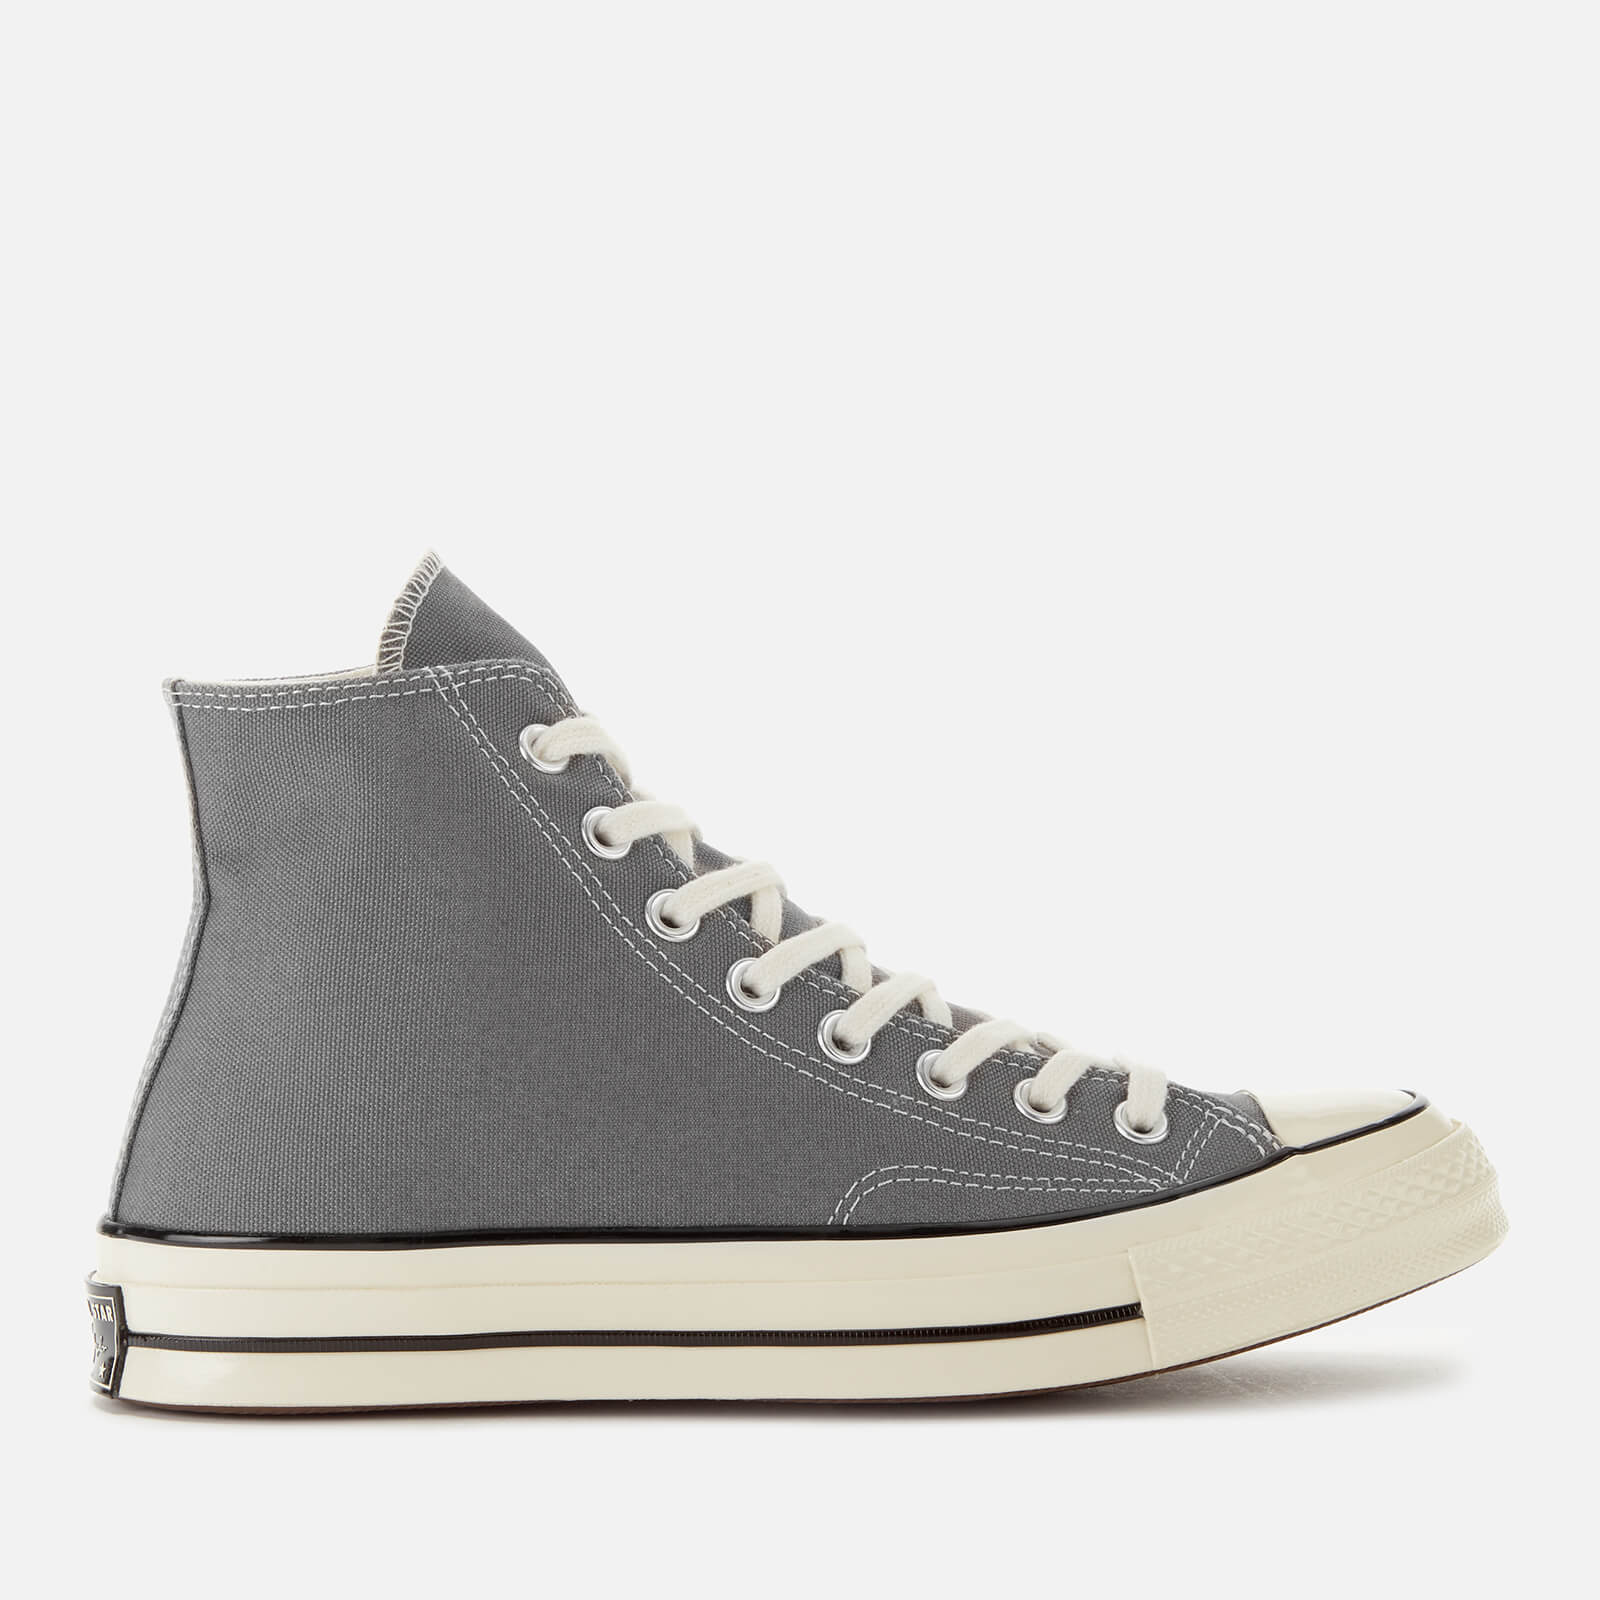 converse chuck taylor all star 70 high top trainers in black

* * *

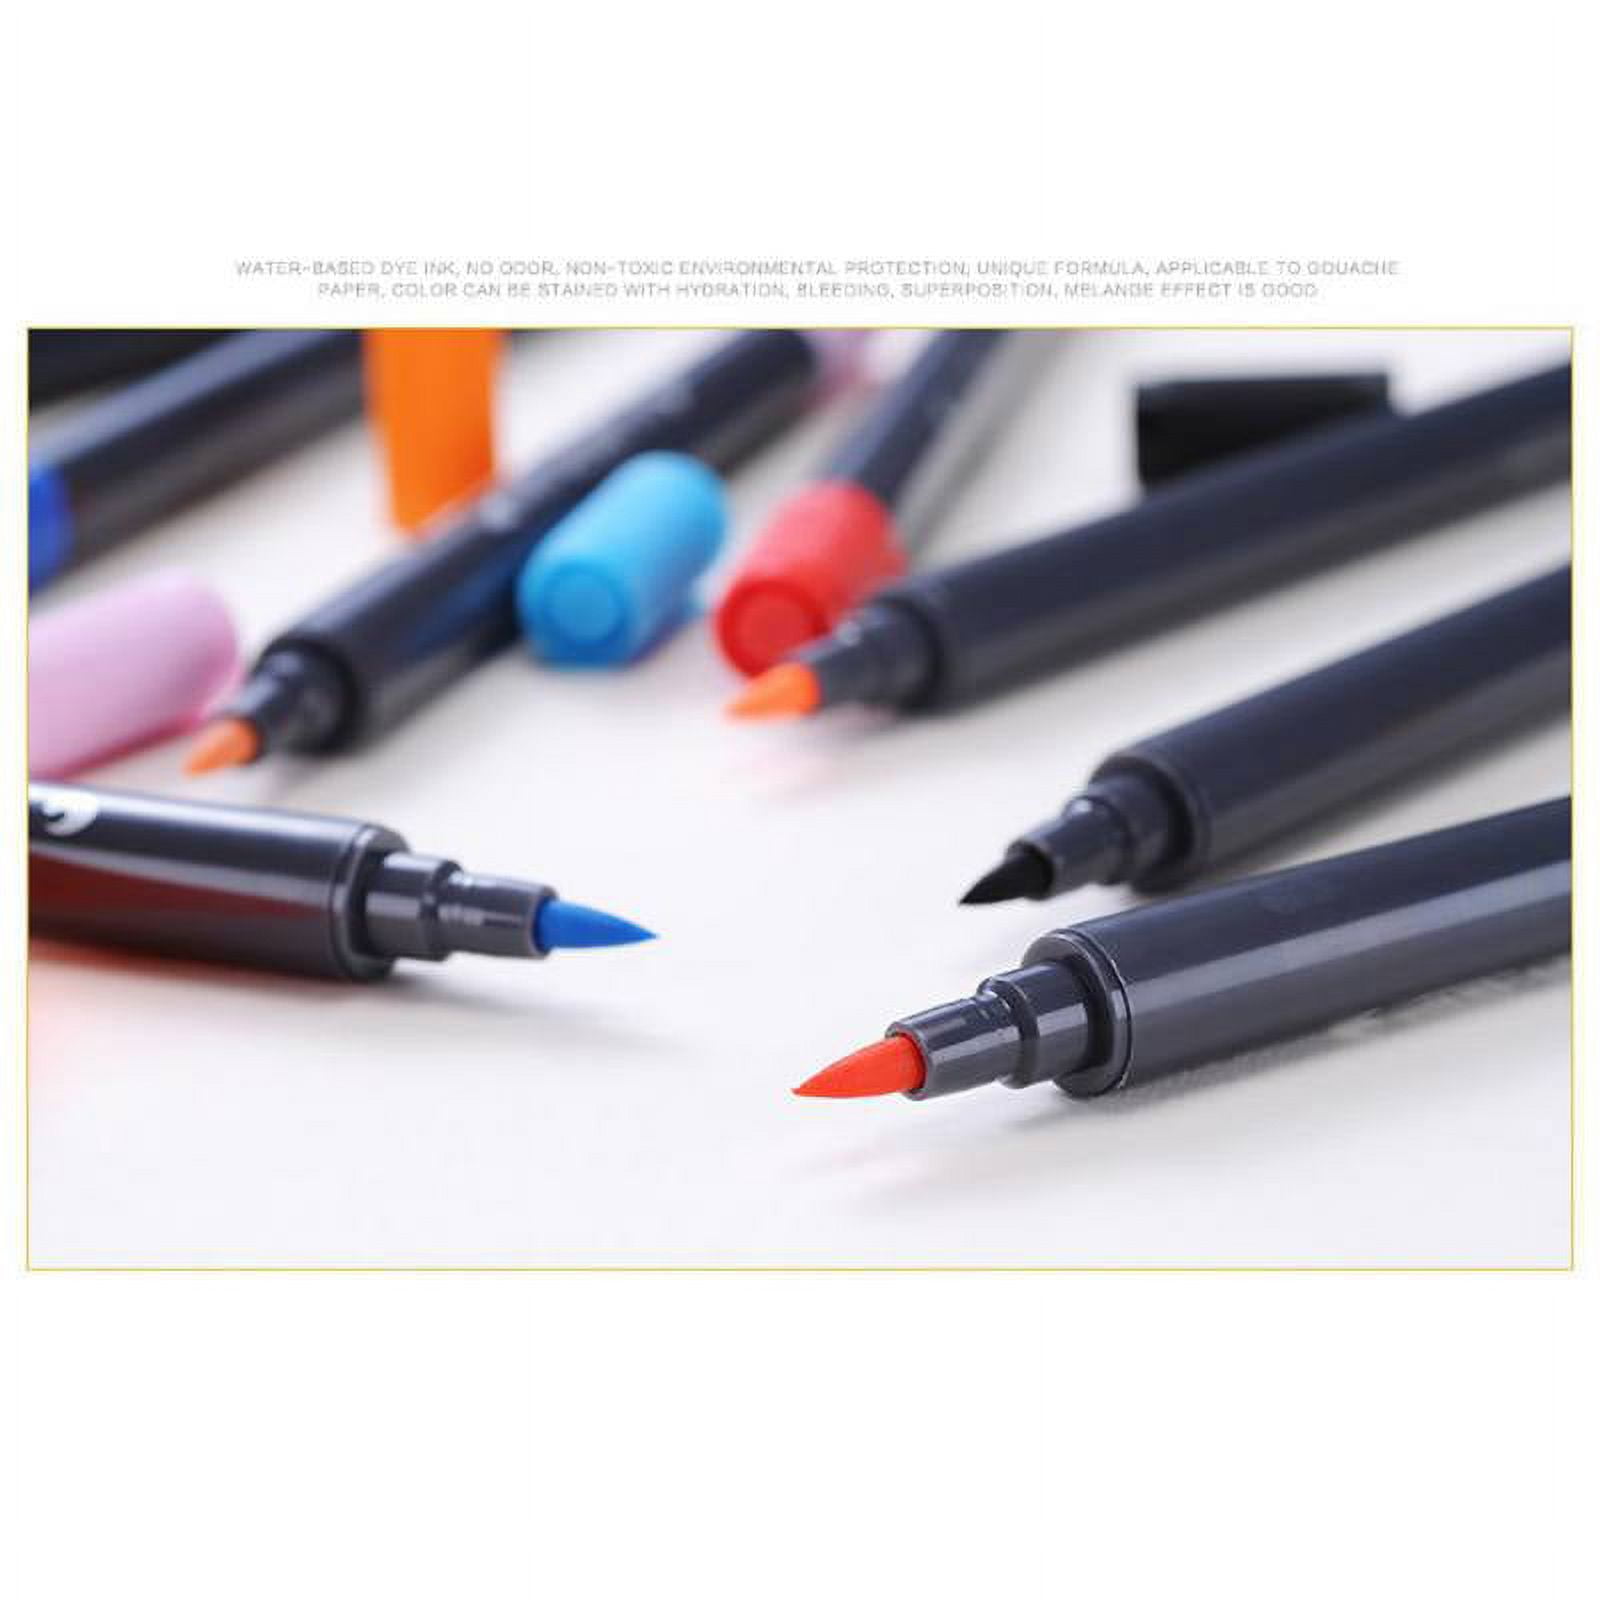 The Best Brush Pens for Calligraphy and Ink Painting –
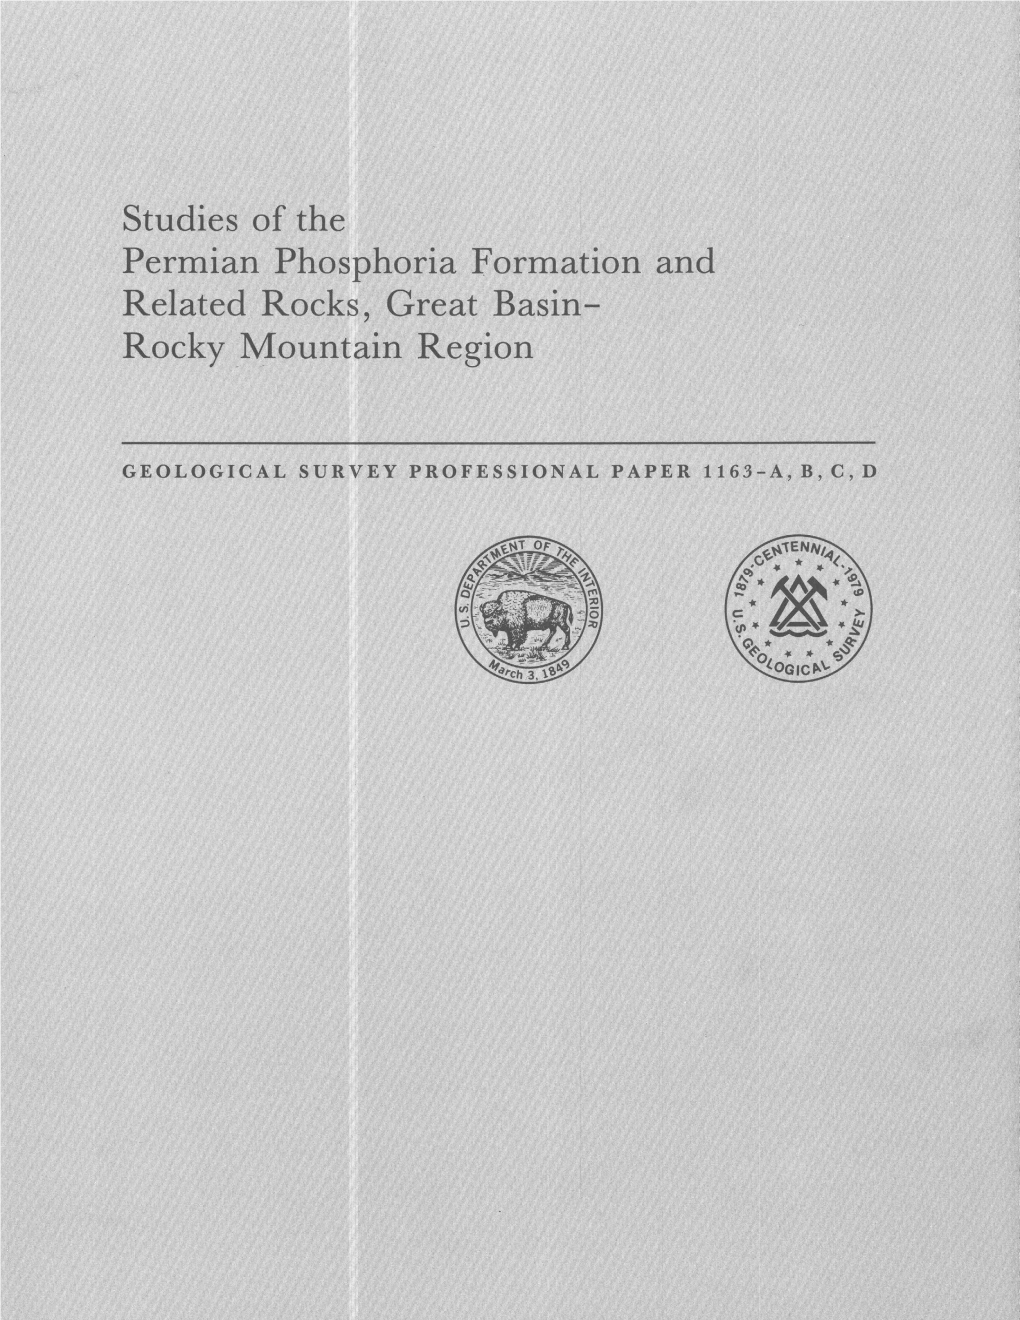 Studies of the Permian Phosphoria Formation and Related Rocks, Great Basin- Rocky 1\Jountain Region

▶ _Task to carry out_
Skipping every picture, transcribe exactly the lines above from the one containing "The Best Brush" through the one containing "Studies of the", both included.

▶ _Task result_
 The Best Brush Pens for Calligraphy and Ink Painting –
 Studies of the Permian Phosphoria Formation and Related Rocks, Great Basin- Rocky 1\Jountain Region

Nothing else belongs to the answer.